API Podcast from SXSW Is Up

It’s kind of old news now, but my SXSW Interactive panel presentation, Developer Friendly Web Service APIs, is available in podcast form on the SXSW website. Once again, it features Carl Mercier of Defensio, Avi Bryant from DabbleDB, Leah Culver from Pownce, Ari Steinberg of Facebook. Topics covered include ideal request and response formats, strategies for reducing API changes, request throttling, and more.

You can listen to the podcast here.

Looking to get involved next year? SXSW has begun taking panel submissions for 2009.

Four things I learned at SXSW (the hard way)

So, SXSW Interactive is good and over. The panel went well (or so they tell me), I met some nice folk, and drank some darn good beer.

Unfortunately, things weren’t completely rosy. I made a couple of critical errors which slightly marred an otherwise brilliant weekend:

Don’t hand out the wrong business cards (as in, somebody else’s)

SXSW is a business card trading frenzy. So, a good idea is to make sure your business cards are your own. Mine weren’t.

I was sorting through my remaining business card supply half-way through the conference, and was horrified to notice that a handful were labeled “Kathy Donaghue”, a former FreshBooks co-worker who’d left the team back in August. I guess our cards got mixed up some time ago, and I hadn’t bothered to check them before handing them out. So, if you’re back from SXSW and wondering who the heck Kathy is, look no further – it was me!

MacBooks don’t have VGA-out

Unlike 99% of my web-developer peers – I don’t presently own a laptop. So I borrowed my colleague Sunir’s MacBook for the trip. As a PC-user-4-life, it didn’t occur to me that MacBooks don’t have VGA out – you need a separate adapter. So, before my presentation, I actually borrowed a second laptop just to play the slides – a Dell PC running Windows Vista (!). My street cred dropped 50% instantly.

Remember to introduce yourself during your own panel

Yep – no joke. We were about 20 minutes through the panel before I’d realized that, during introductions, I’d completely forgotten to introduce myself, or FreshBooks. Months of organizing, planning, and slide-preparing and nobody even knew who I was. Bummer!

(If you’re reading this now, I was the guy on the right.)

Bring a phone (that works)

My mobile phone company, Virgin, doesn’t offer roaming. With no connection to the outside world, I was always tethered to someone who did. Not being able to find your friends, hand out your number, find the latest party, or Twitter, was a complete drag. Never again!

Anyways, all things considered, I had a great time, and let’s face it – these aren’t big deals.

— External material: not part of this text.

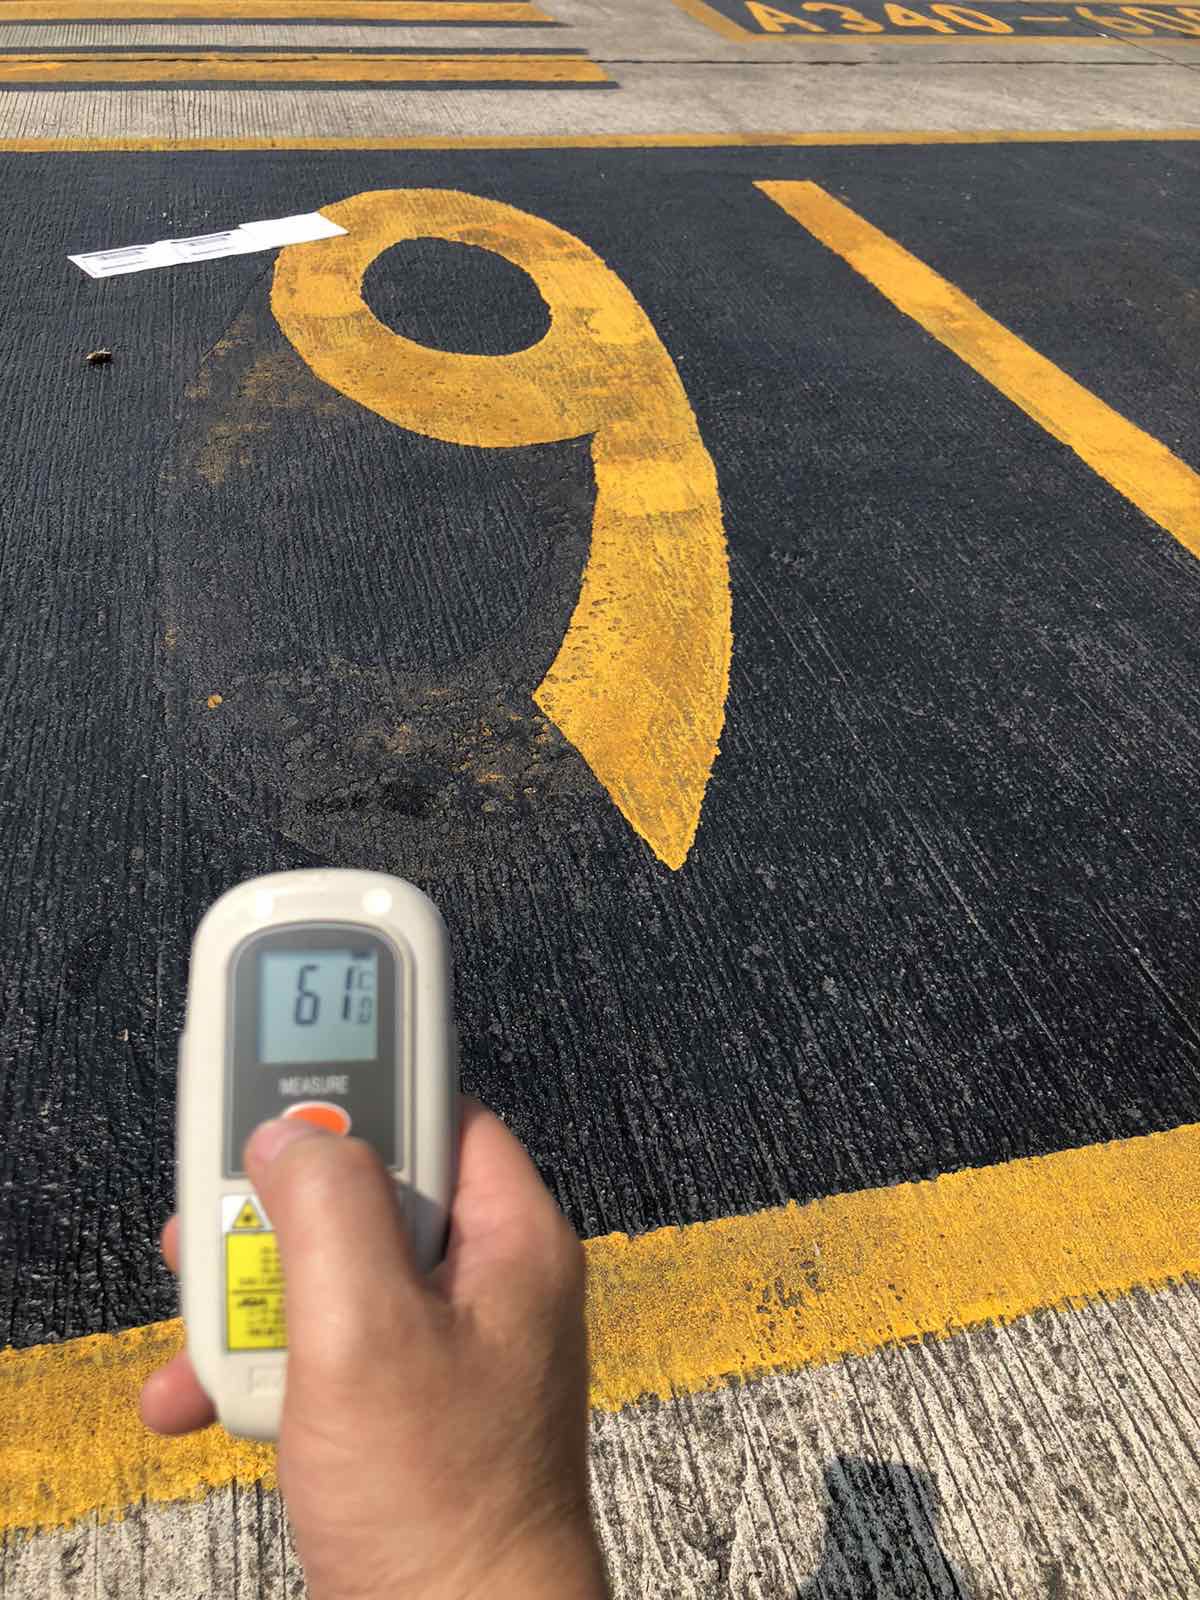 Chùm ảnh: Người lao động làm việc trên đường băng sân bay với nền nhiệt hơn 60 độ C - Ảnh 1.

Still, next year, I’ll be way more prepared … maybe.

Coming up: BarCamp Austin

Just a heads up that I’ll be attending BarCamp Austin 3 with some of my FreshBooks compatriots on March 7th. If the crowd’s willing, I’m hoping to get up and talk about my experiences building the FreshBooks API—what worked, what didn’t, that sort of thing.

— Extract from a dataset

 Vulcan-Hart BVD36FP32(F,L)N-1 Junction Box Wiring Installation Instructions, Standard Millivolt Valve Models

Personally, I love BarCamp-style events over traditional conference fare. The openness, low cost, and great people you’ll find is tough to beat. I had a great time last year at BarCamp Toronto, and I’m sure Austin will be no different, judging by the names on this sign-up list (not to mention their awesome logo). Whether you’re a local or in town to catch SXSW, you should find the time to drop by.

Next stop, Austin

Big news – my SXSW panel proposal, “Web Service APIs Your Mom Will Love”, made the preliminary list of 2008 programming.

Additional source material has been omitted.